In una maniera o nell'altra, per ragion di Stato, abbiamo sventato il trappolone Almasri rimandandolo a Tripoli, ma è partita in parallelo la seconda fase del piano contro l'Italia. Il ministro degli Esteri, Antonio Tajani, ha dichiarato sugli avvisi di garanzia a mezzo governo: «Non vorrei ci fosse un attacco politico anche con il sostengo di qualcun'altro, all'estero». Husam al-Gomati, oppositore libico, che ha trovato rifugio in Svezia sta pubblicando via Telegram e anche sui social documenti usciti dalla Procura generale libica, che rivelerebbero rapporti inconfessabili fra i servizi segreti italiani, fin dal 2017 ai tempi del governo Gentiloni, di centro sinistra, e trafficanti di esseri umani.

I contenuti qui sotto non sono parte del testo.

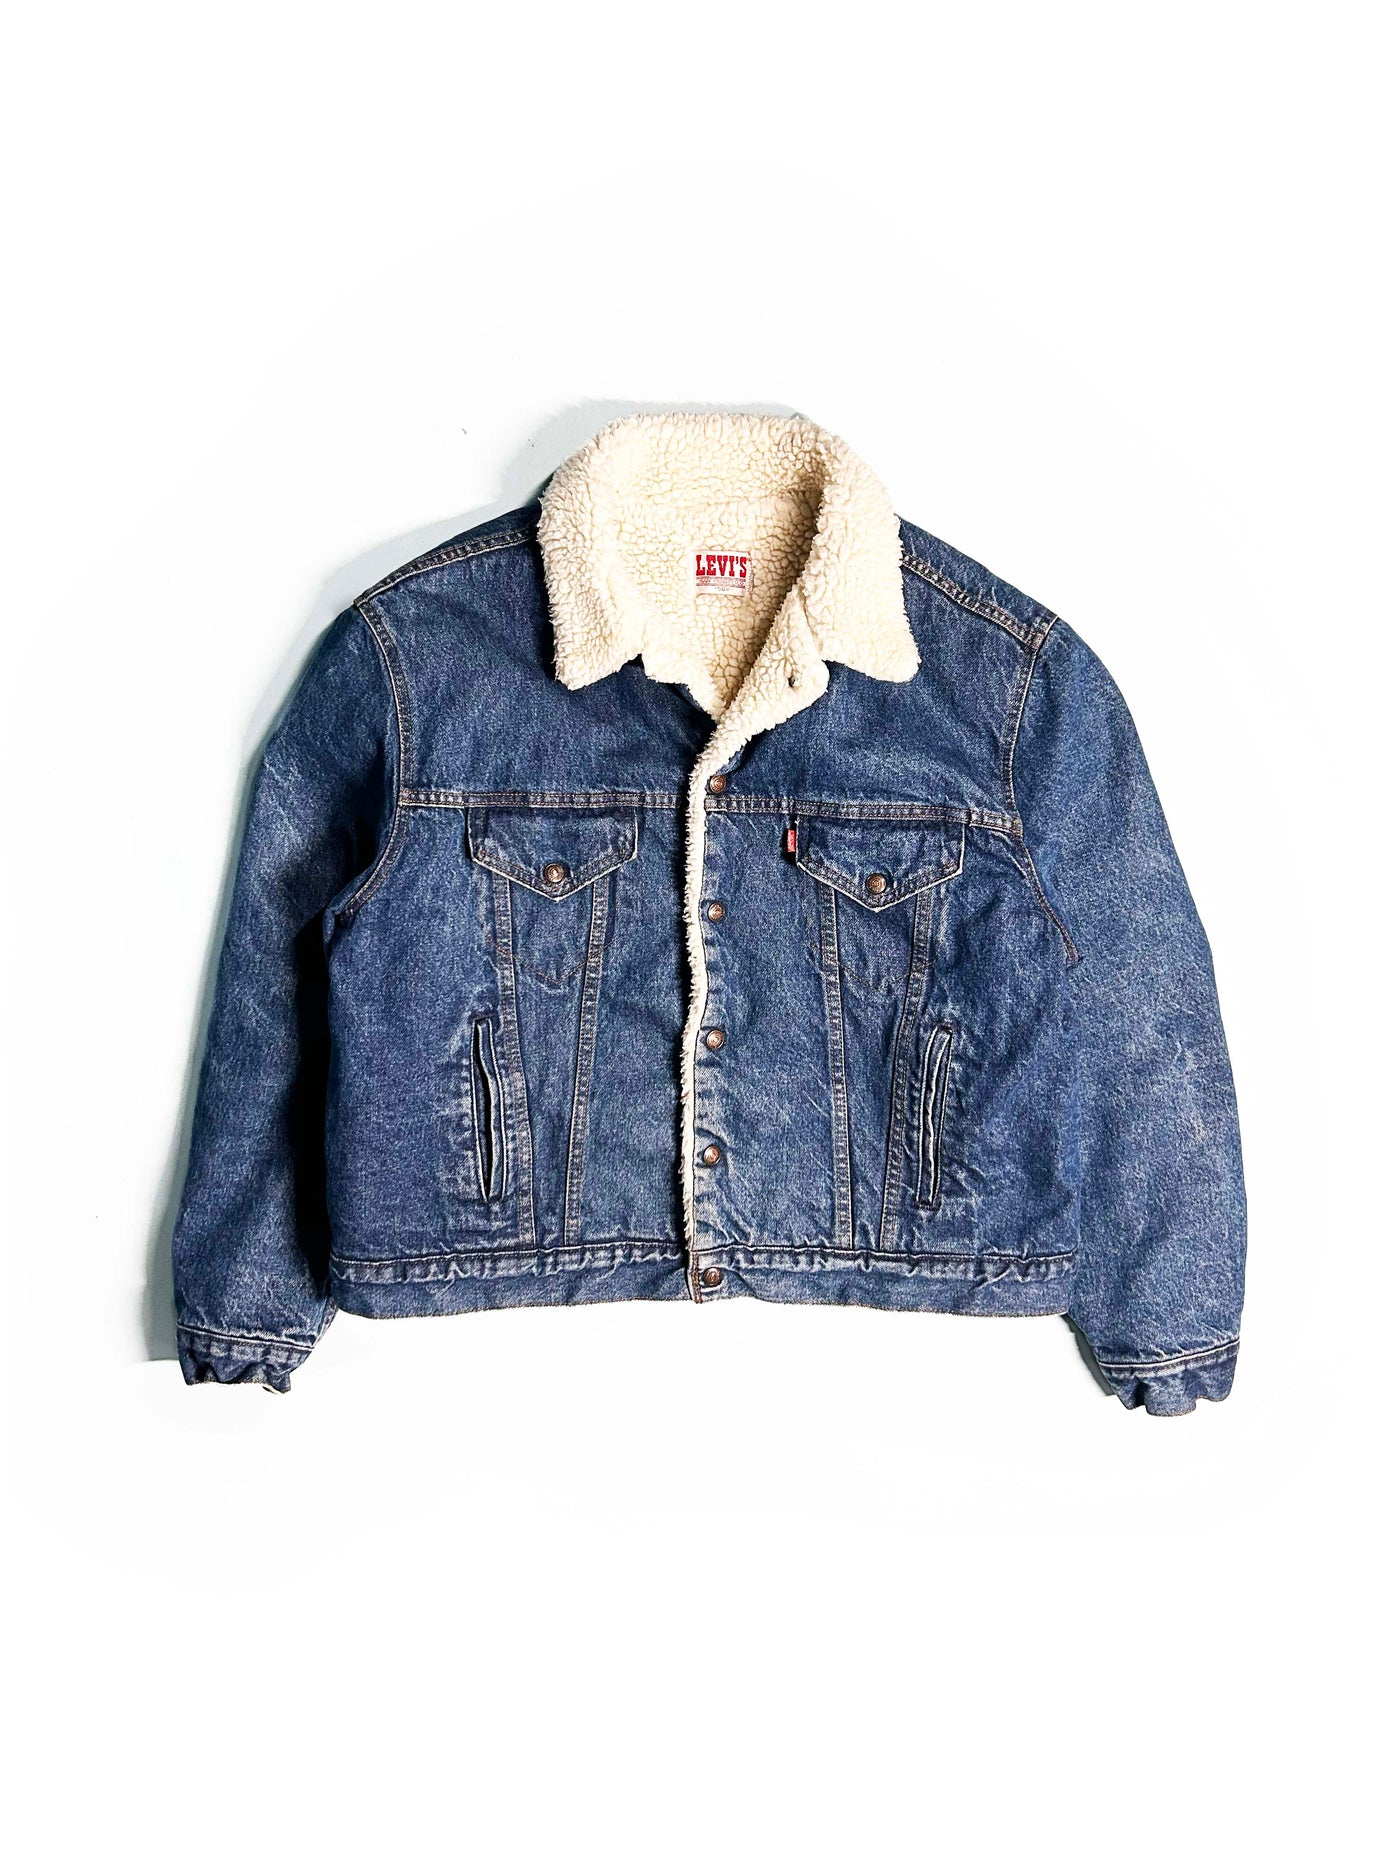 Vintage 80s Levi’s San Francisco Lined Denim Jacket

In realtà la stessa Procura ha aperto un'inchiesta proprio su questi verbali/deposizioni in arabo, che sarebbero state creati ad arte dai servizi segreti di Tripoli che rispondevano a fazioni non favorevoli all'Italia. Nei documenti vengono citati nomi di presunti agenti italiani, che avrebbero fornito soldi, visori notturni, fucili di precisione a capi milizie come Ahmad Dabbashi, «Al Ammu», a Sabrata per tenere sotto controllo le partenze dei migranti verso Lampedusa. L'allora ministro dell'Interno, Marco Minniti, attraverso il governo di Tripoli aveva aiutato le municipalità come Sabrata, per tamponare l'ondata di 181.337 sbarchi nel 2016 e iniziato a mettere in piedi la Guardia costiera libica. Fare uscire documenti dubbi e manipolati serve a mettere in cattiva luce la nostra intelligence e di riflesso il governo italiano anche oggi.
Non a caso sono stati pubblicati anche le copie dei passaporti diplomatici di quattro agenti, compresa una donna, tutti scaduti, l'ultimo nell'ottobre 2024. Un fatto gravissimo che con foto, nomi, cognomi, date e luogo di nascita mettono in pericolo gli agenti. E ovviamente non poteva mancare il passaporto di Giovanni Caravelli, il direttore dell'Aise, che in effetti si era recato a Tripoli, con il documento spiattellato in rete, nel 2019, in una missione ufficiale per incontrare le autorità governative parlando anche dell'immigrazione illegale. «È il secondo tassello delle manovre contro l'Italia - osserva una fonte qualificata del Giornale - con documenti inattendibili sui quali è stata aperta un'inchiesta dalla stessa Procura libica». I servizi libici avevano buoni rapporti con i francesi e l'attivista al-Gomati è accusato di appropriazione indebita quando si occupava, fra il 2012 e 2013, dello smistamento in Europa dei feriti libici della rivolta anti-Gheddafi. Non solo: dietro le quinte dell'operazione ci sarebbe il miliardario libico Isma'il al-Shtawy, che si è fatto i soldi ai tempi del colonnello, ma si oppone al premier libico Abdul Hamid Dbeibah, pure lui ex di Gheddafi. Al-Shtawy risiede in Egitto ed è in contatto con Al Saadi, il terzo figlio del colonnello riparato in Turchia dopo sette anni di carcere a Tripoli dove sarebbe stato torturato da Almasri. Il cerchio, però, non si chiude: l'arma dell'impennata degli sbarchi è la terza fase del piano scattata grazie al mare calmo, nei giorni dell'arresto e ritorno a Tripoli di Almasri, anche per altri motivi riguardanti la lotta fra fazioni in Tripolitania e il controllo del valico di Ras Ajdir con la Tunisia. Il risultato è che gli arrivi dalla Libia in gennaio risultano quasi raddoppiati rispetto allo stesso mese dell'anno precedente. Solo fra il 19 e il 28 gennaio sono arrivati dalla Tripolitania 2876 migranti. «L'immigrazione illegale è il tema più sensibile per l'Italia - sottolinea la fonte qualificata - E viene cavalcato per creare difficoltà con Tripoli». A ovest della capitale, dove ci sono gli hub della partenze, è tornato in auge la vecchia conoscenza Ahmad Dabbashi, che non si schiera né a favore, né contro il governo Dbeibah, ma sta facendo partire i barconi.
«Dietro al piano per destabilizzare il governo italiano- spiega un'altra fonte del Giornale - ci sono grossi interessi per le esplorazioni dei nuovi giacimenti libici».
L'Eni è in dirittura d'arrivo per lo sfruttamento del campo petrolifero NC7 di al-Hamadah a sud ovest di Zintan e la Total francese sarebbe fuori. La fronte qualificata del Giornale non esclude che «saltino fuori nuovi tentativi di mettere in difficoltà l'Italia».